To define a reference cell-cycle embedding, we leverage key features of principal component analysis of cell-cycle genes. Previous work has found that principal component analysis on expression data sometimes yields an ellipsoid pattern. This was first described by Alter et al. [6]; it has later been observed independently in multiple data sets [12, 15, 20]. Here, we draw attention to the fact that the ellipsoid pattern is a consequence of a link between Fourier analysis of periodic functions and principal component analysis which links the progression through the cell-cycle process with angular position on the ellipsoid. This is similar in spirit to previous observations of principal component analysis of genotype data [21] and connected to mathematical results on circulant matrices [22].

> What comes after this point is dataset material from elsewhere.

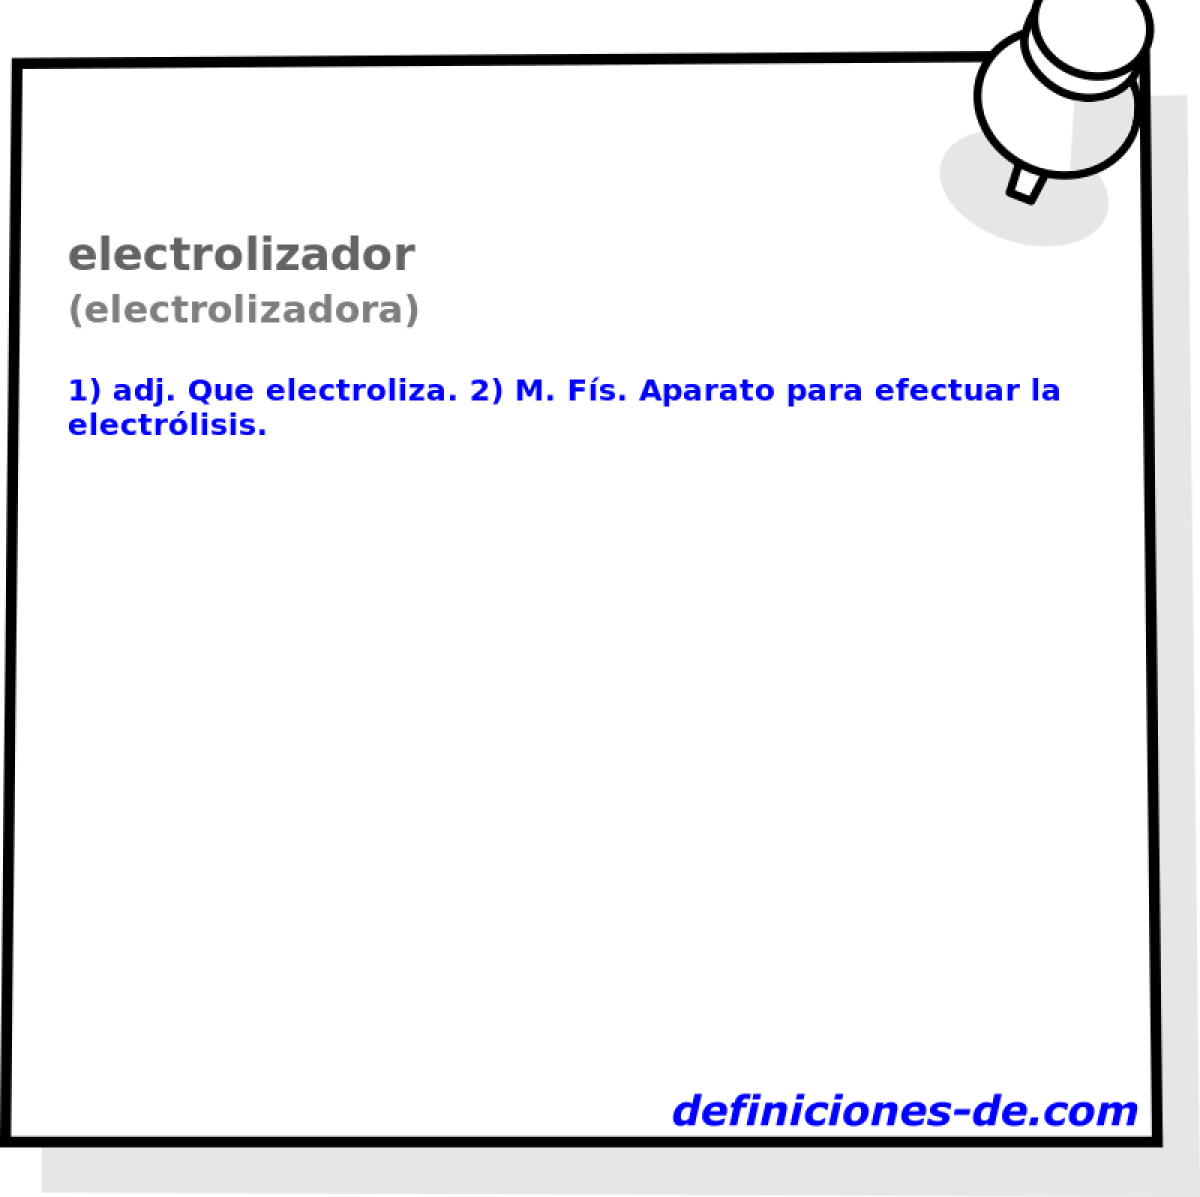 electrolizador (electrolizadora)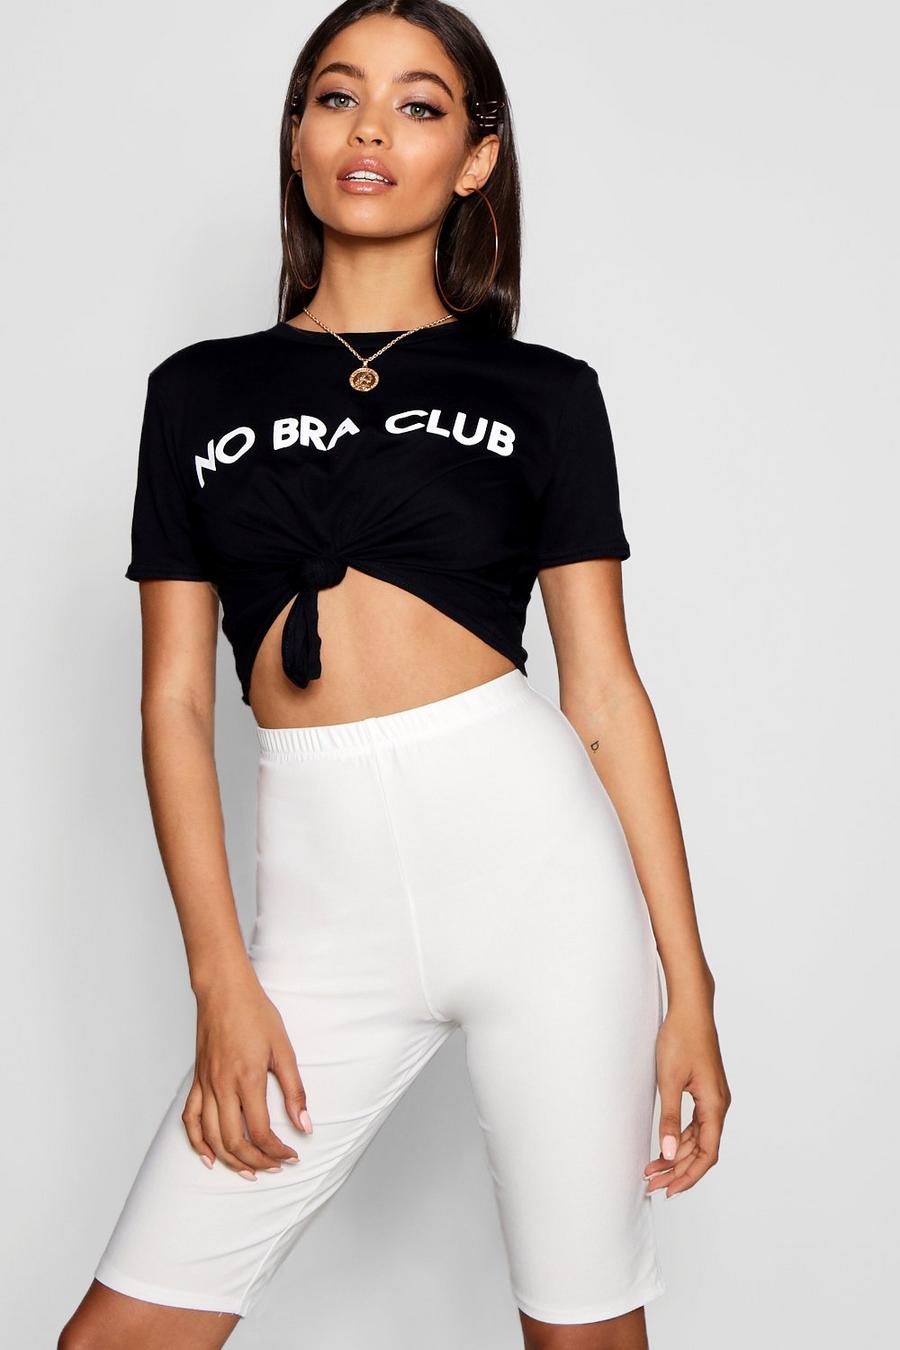 Women's Short Sleeves Crop Tops T-Shirt No Bra Club Short Tee, 3

We use the first two principal components to define a reference embedding representing the cell cycle. Because this reference embedding is a low-dimensional linear space, we obtain an orthogonal projection operator allowing us to project any new data set into the reference embedding. We show that projecting new data into the reference cell-cycle embedding overcomes technical and biological challenges posed by data sets where substantial variation is explained by one or more factors different from cell cycle, such as cellular differentiation.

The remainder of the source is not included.